◆ RECORD EXCERPTS ◆
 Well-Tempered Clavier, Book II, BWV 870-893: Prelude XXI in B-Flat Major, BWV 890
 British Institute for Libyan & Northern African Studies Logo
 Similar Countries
* * *
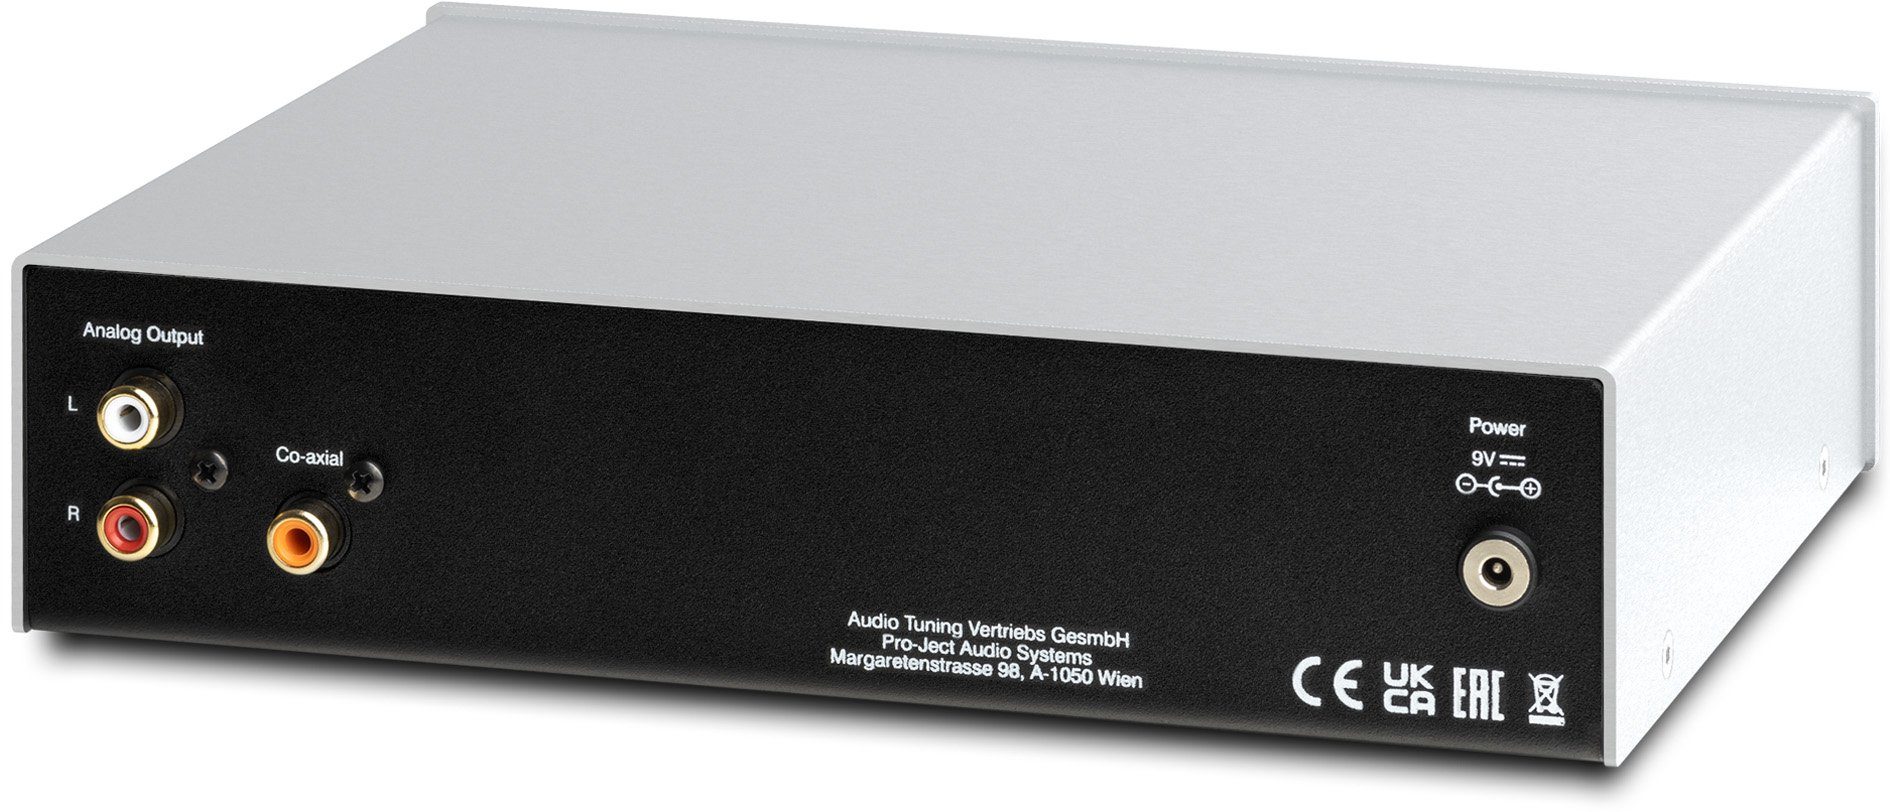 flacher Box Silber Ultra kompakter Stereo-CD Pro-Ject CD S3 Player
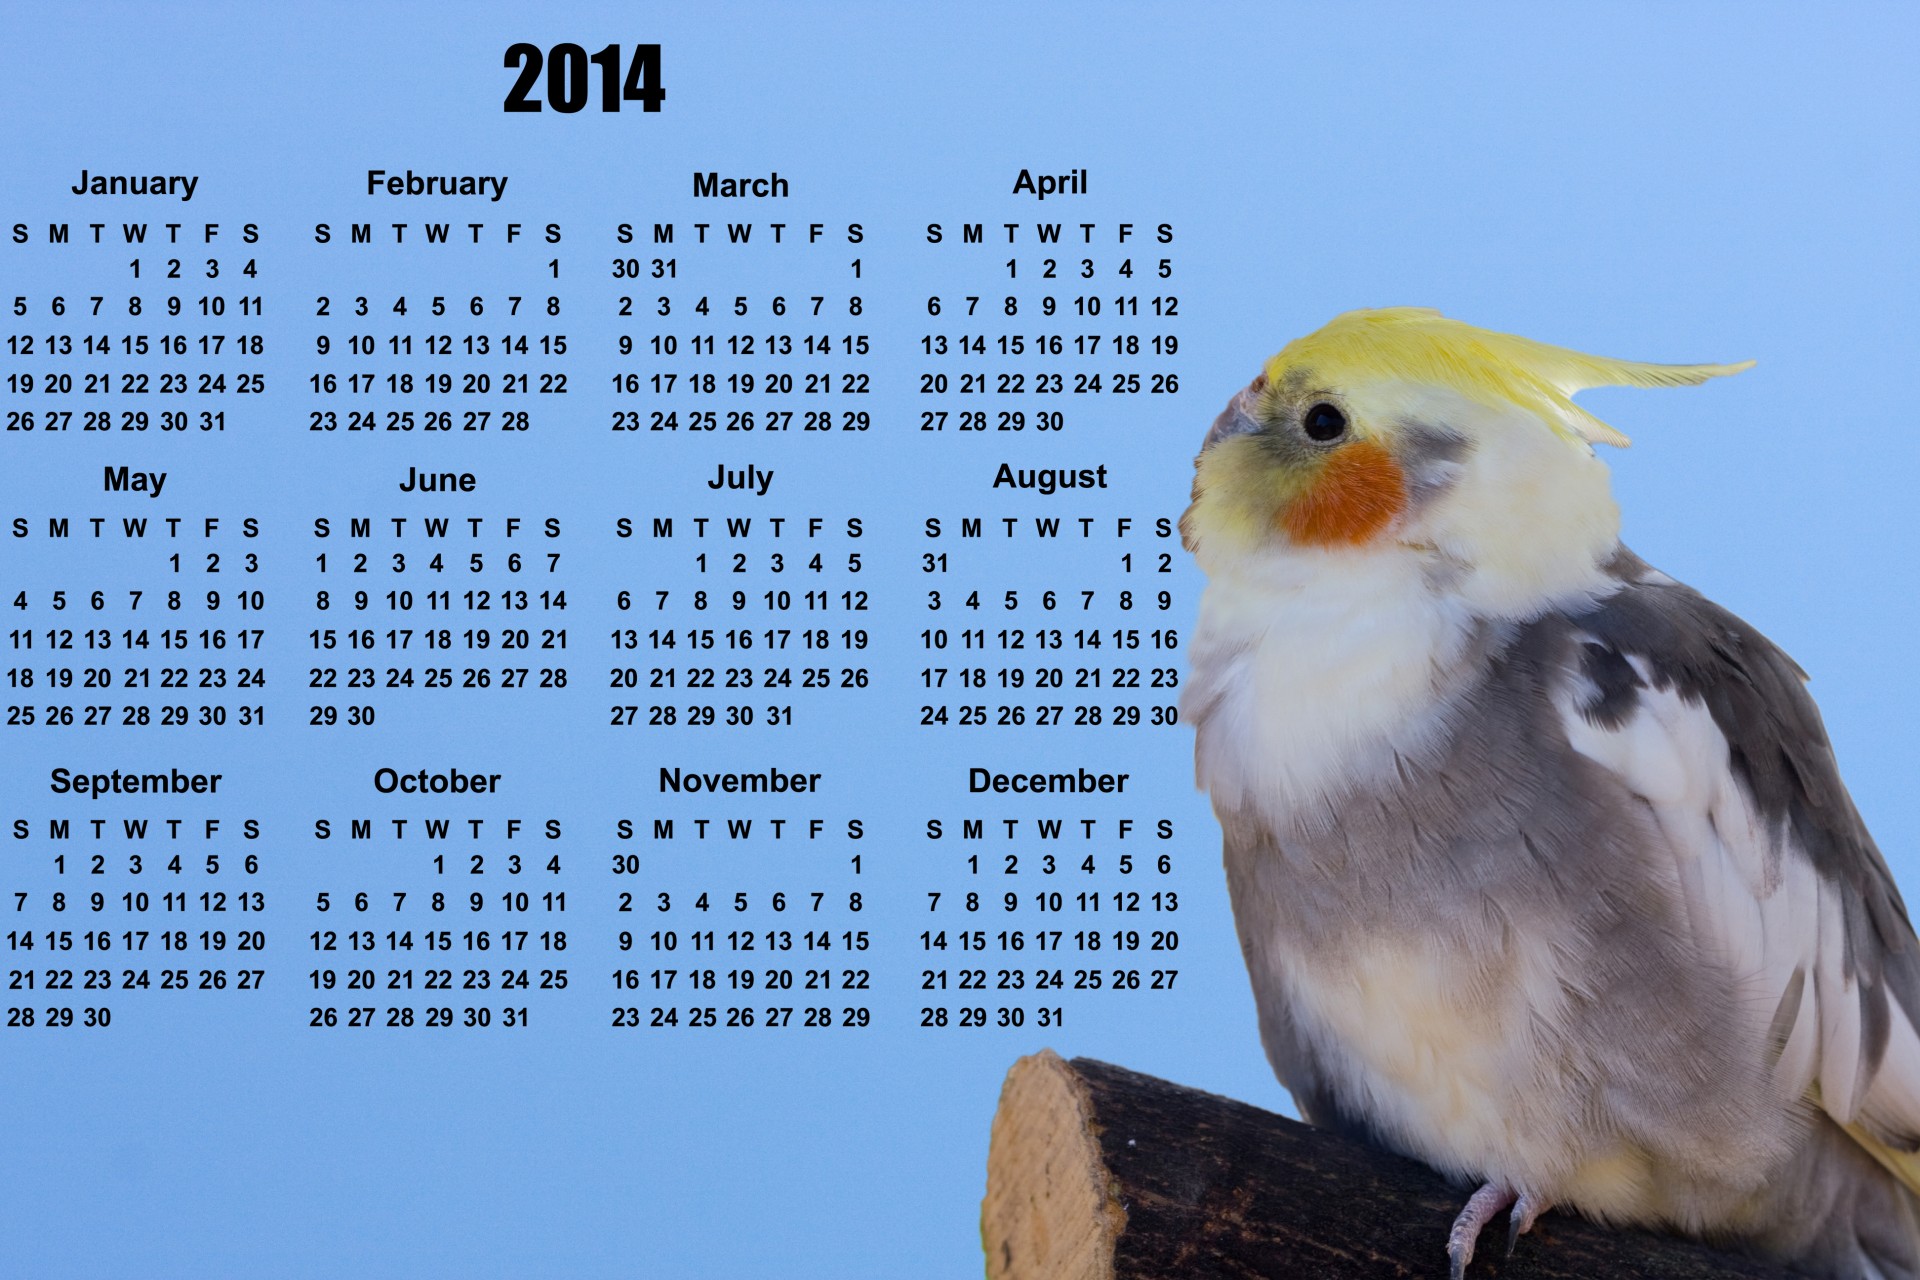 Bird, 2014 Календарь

◆ YOUR OBJECTIVE ◆
Reprint exactly the lines above that start at the one with "British Institute for" and end at the one with "Similar Countries", keeping both and adding none.

◆ ANSWER TO THIS PROBLEM ◆
 British Institute for Libyan & Northern African Studies Logo
 Similar Countries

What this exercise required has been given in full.